Protein interaction discovery using parallel analysis of translated ORFs (PLATO)

Identifying physical interactions between proteins and other molecules is a critical aspect of biological analysis. Here we describe PLATO, an in vitro method for mapping such interactions by affinity enrichment of a library of full-length open reading frames displayed on ribosomes, followed by massively parallel analysis using DNA sequencing. We demonstrate the broad utility of the method for human proteins by identifying known and previously unidentified interacting partners of LYN kinase, patient autoantibodies, and the small-molecules gefitinib and dasatinib.
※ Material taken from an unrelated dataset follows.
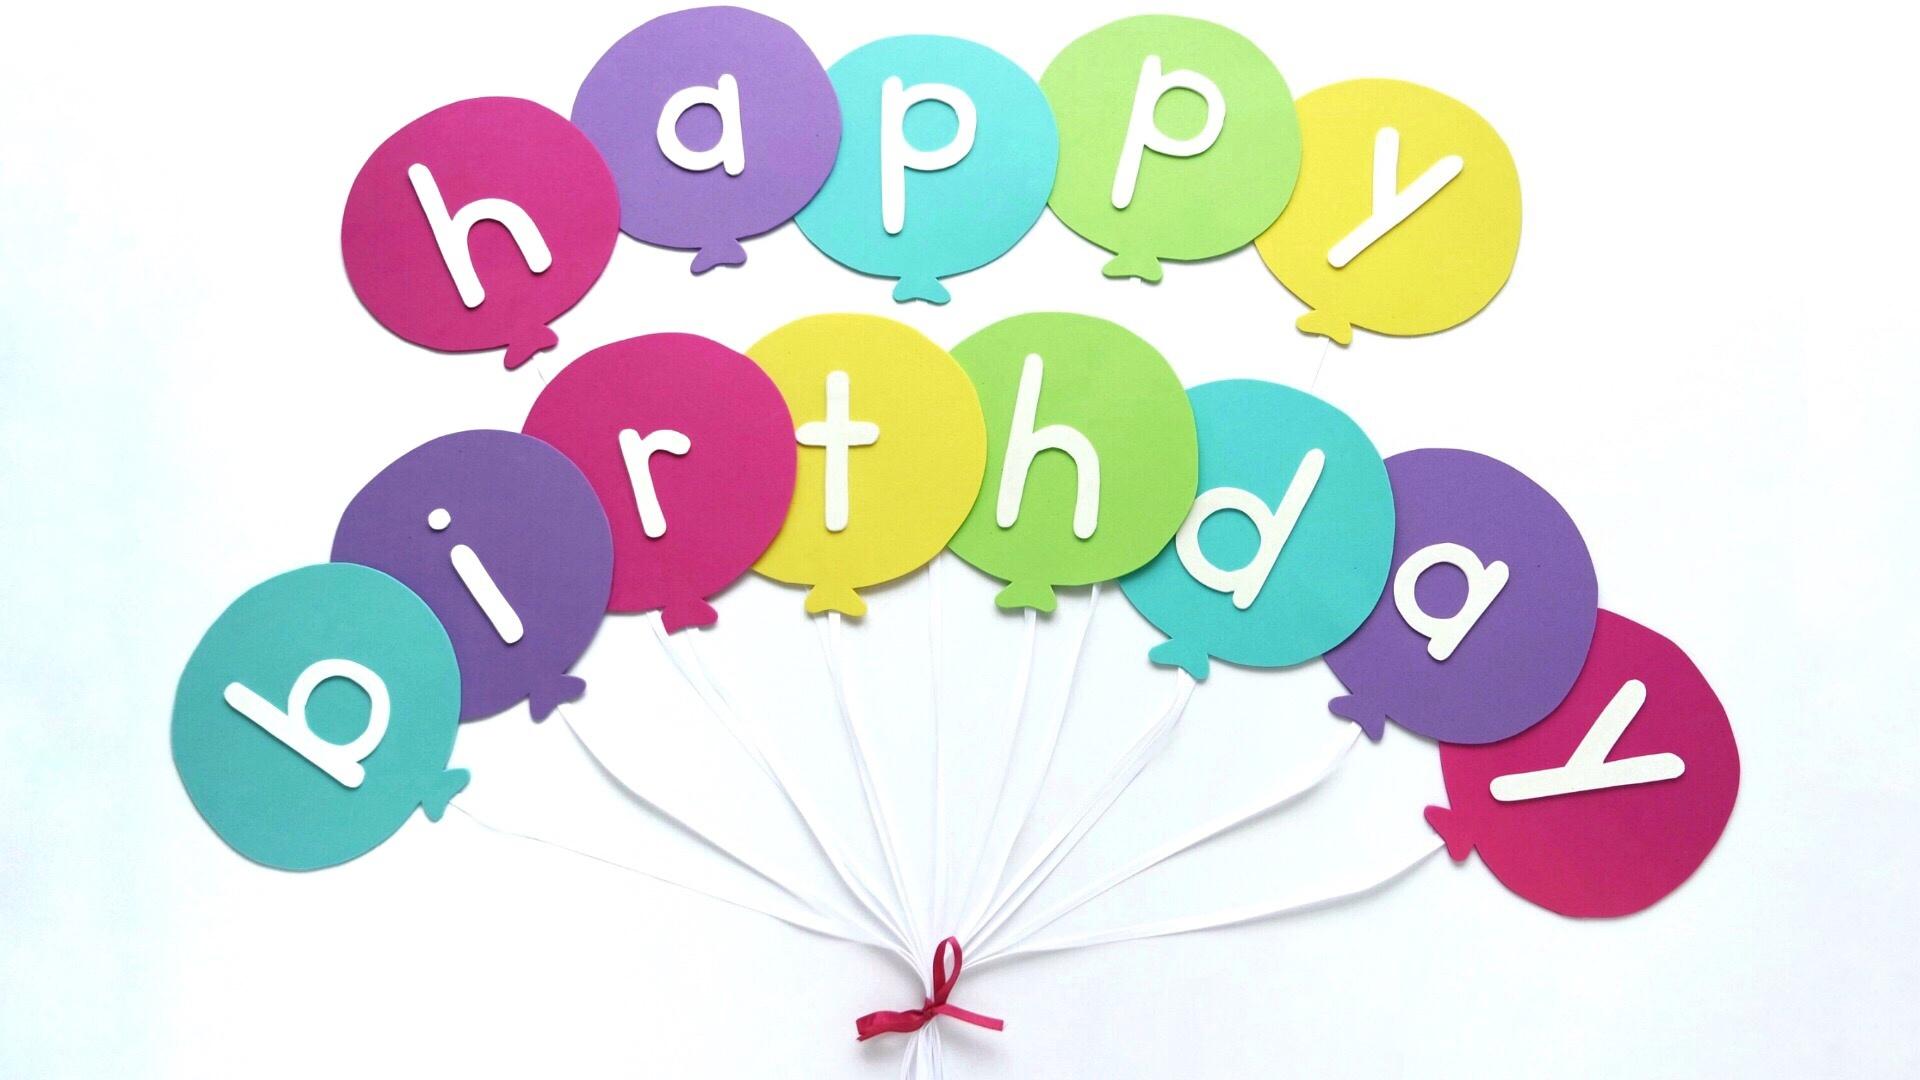 Happy Birthday Banner Diy Template | Balloon Birthday Banner Template - Free Printable Happy Birthday Banner Templates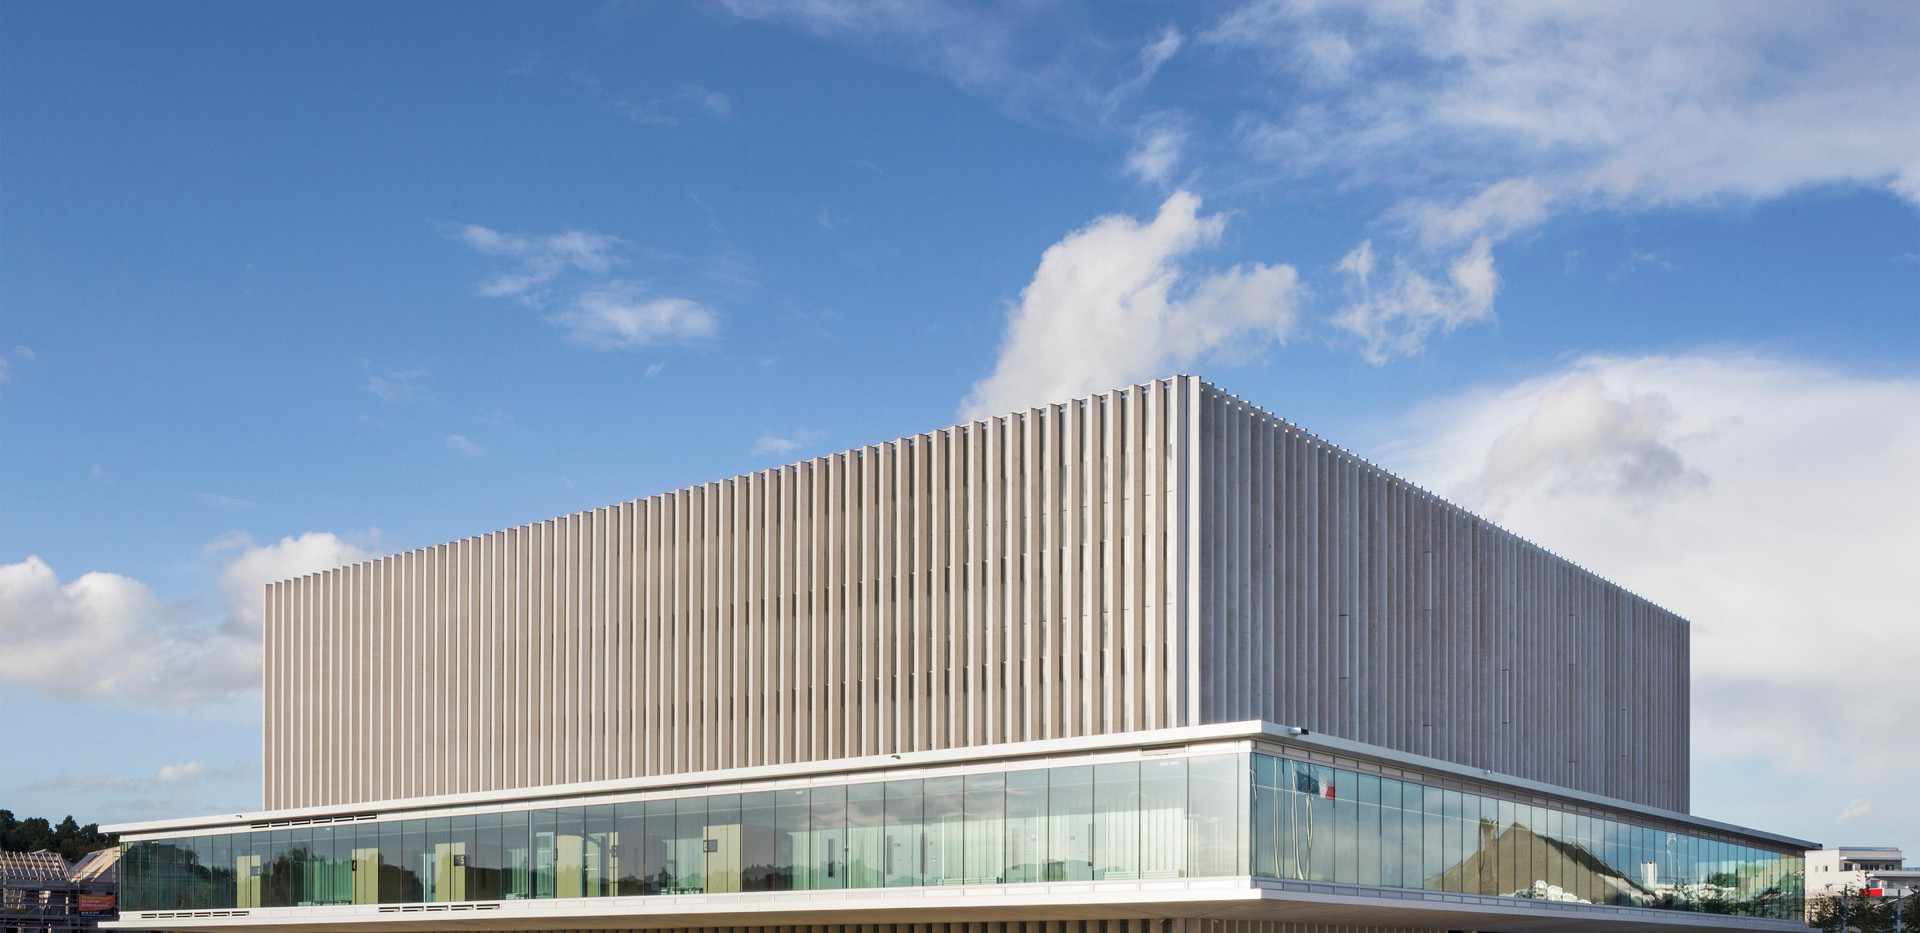 A Palais de justice Caen 001 EH autorisi

PhIP-Seq characterization of autoantibodies from patients with multiple sclerosis, type 1 diabetes and rheumatoid arthritis

Autoimmune disease results from a loss of tolerance to self-antigens in genetically susceptible individuals. Completely understanding this process requires that targeted antigens be identified, and so a number of techniques have been developed to determine immune receptor specificities. We previously reported the construction of a phage-displayed synthetic human peptidome and a proof-of-principle analysis of antibodies from three patients with neurological autoimmunity. Here we present data from a large-scale screen of 298 independent antibody repertoires, including those from 73 healthy sera, using phage immunoprecipitation sequencing. The resulting database of peptide-antibody interactions characterizes each individuals unique autoantibody fingerprint, and includes specificities found to occur frequently in the general population as well as those associated with disease. Screening type 1 diabetes (T1D) patients revealed a prematurely polyautoreactive phenotype compared with their matched controls. A collection of cerebrospinal fluids and sera from 63 multiple sclerosis patients uncovered novel, as well as previously reported antibody-peptide interactions. Finally, a screen of synovial fluids and sera from 64 rheumatoid arthritis patients revealed novel disease-associated antibody specificities that were independent of seropositivity status. This work demonstrates the utility of performing PhIP-Seq screens on large numbers of individuals and is another step toward defining the full complement of autoimmunoreactivities in health and disease.

Adaptive Immune Receptor Repertoire Community recommendations for sharing immune-repertoire sequencing data

High-throughput sequencing of B and T cell receptors is routinely being applied in studies of adaptive immunity. The Adaptive Immune Receptor Repertoire (AIRR) Community was formed in 2015 to address issues in AIRR sequencing studies, including the development of reporting standards for the sharing of data sets.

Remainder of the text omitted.